Many different mutations can cause the gene tyrosinase (TYR) to not function the way it should. A mutation can disrupt the conversion of the amino acid tyrosine, which then codes for the pigment melanin. Without this amino acid the skin, eyes and hair will not have proper pigmentation. Mutations to the tyrosinase gene cause oculocutaneous albinism Type 1 (OCA1), which is an autosomal recessive disorder, illustrated by reduced melanin pigment. Autosomal recessive disorders are passed down through families. Two copies of the abnormal gene must be present in order for the disease to develop. OCA1 is further divided into two categories, OCA1A and OCA1B. The difference between these two is that OCA1A tyrosinase activity and melanin synthesis are undetectable. In OCA1B tyrosinase activity and melanin synthesis are still present but reduced compared to normal levels.
What is the mechanism of the disorder (what effects does the alteration in function of the protein have on the workings of the cell and the body)?
Albinism consists of a group of inherited abnormalities of melanin synthesis and is typically characterized by a congenital reduction or absence of melanin pigment. The phenotypic heterogeneity of albinism is due to different gene mutations affecting the enzymes and proteins in the melanin pathway, resulting in varying degrees of decreased production.
Melanin is a photoprotective pigment in the skin that absorbs UV light from the sun that is formed in the melanosome organelle of the melanocyte. Melanocytes are found in the basal layer of the epidermis,hair follicles, and pigmented tissues of the eye. People with albinism have mutations in a gene called TYR which is responsible for production of the enzyme tyrosinase, used by cells to convert the amino acid tyrosine into pigment.
Cross section of skin, showing melanocyte and keratinocytes in the basal layer of the epidermis
Effects on Skin:
1) Pale appearance
2) Increased sensibility towards sun
3) Increased risk of skin cancer
Effects on the Optic System:
Since the development of the optic system is highly dependent on the presence of melanin the following effects may occur.
1) Pale irises, red pupils—caused by light reflecting off of the blood vessels in the retina
2) Blindness—without melanin the neuronal tracts leading from the eye to the visual cortex of the brain develop irrationally
3) Diminished depth perception
4) Nystagmus, or fluttering of the eyes—the overstimulation of retinal photoreceptors sends confusing messages to the brain
Diagram of the wild type and mutated type protein and the pathway
Characteristics of wild-type and uw-mutant primary murine melanocytes in culture.
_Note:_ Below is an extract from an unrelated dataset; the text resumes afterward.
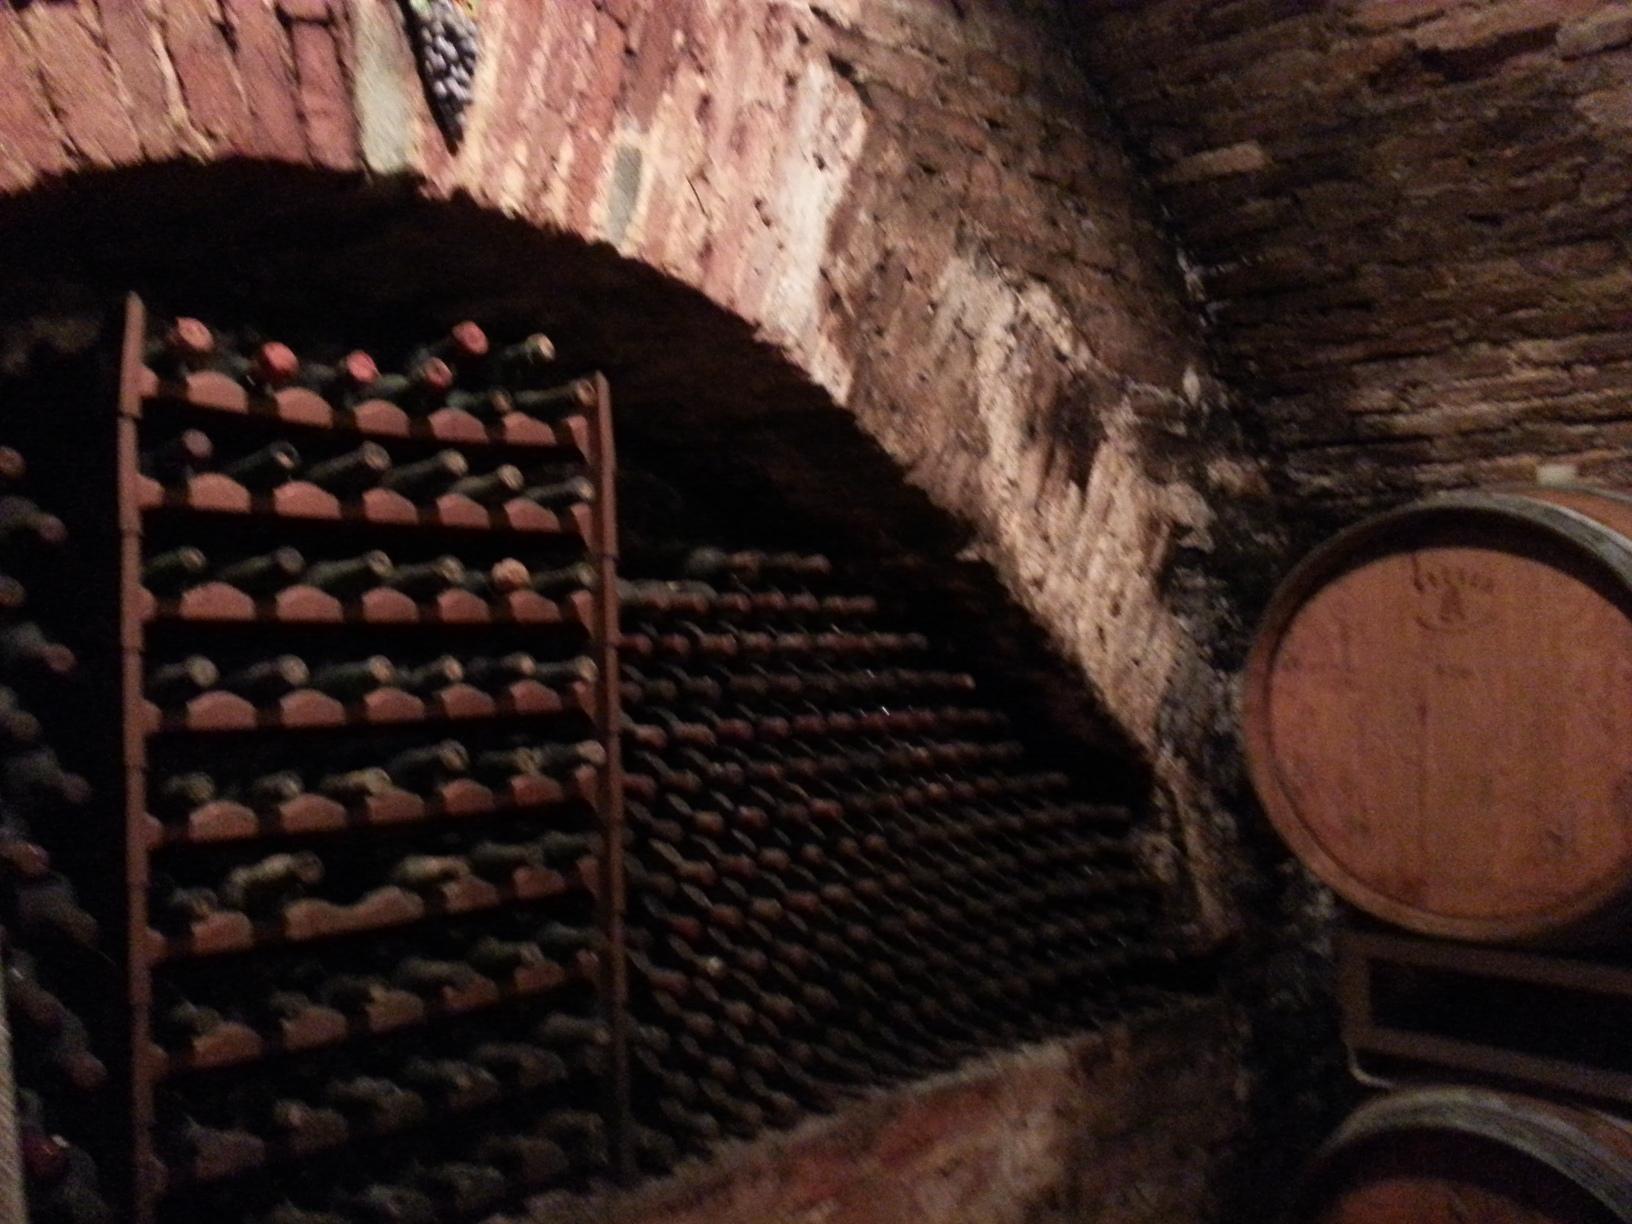 erezione a scomparsa winery

Subcellular distribution of melanogenic proteins in wild-type and mutant primary melanocytes. Wild-type and mutant melanocytes were stained with antibodies and fluorescent probes
What are the symptoms of the disorder?
Albinism is associated with vision problems like:
Albinism is a lifelong condition that does not worsen with time. Although there is no way to treat poor or absent pigment production or correct abnormal vision development, proper eye evaluation and management can be useful. Eye misalignment can be treated with glasses or surgery. Glasses can be prescribed to improve vision and reduce light sensitivity. Magnifying glasses for reading and low vision aids for distance vision can also be helpful. Genetic counseling of affected individuals and their families is recommended. Counselors can provide a detailed explanation of the disorder including the chances of future children being affected.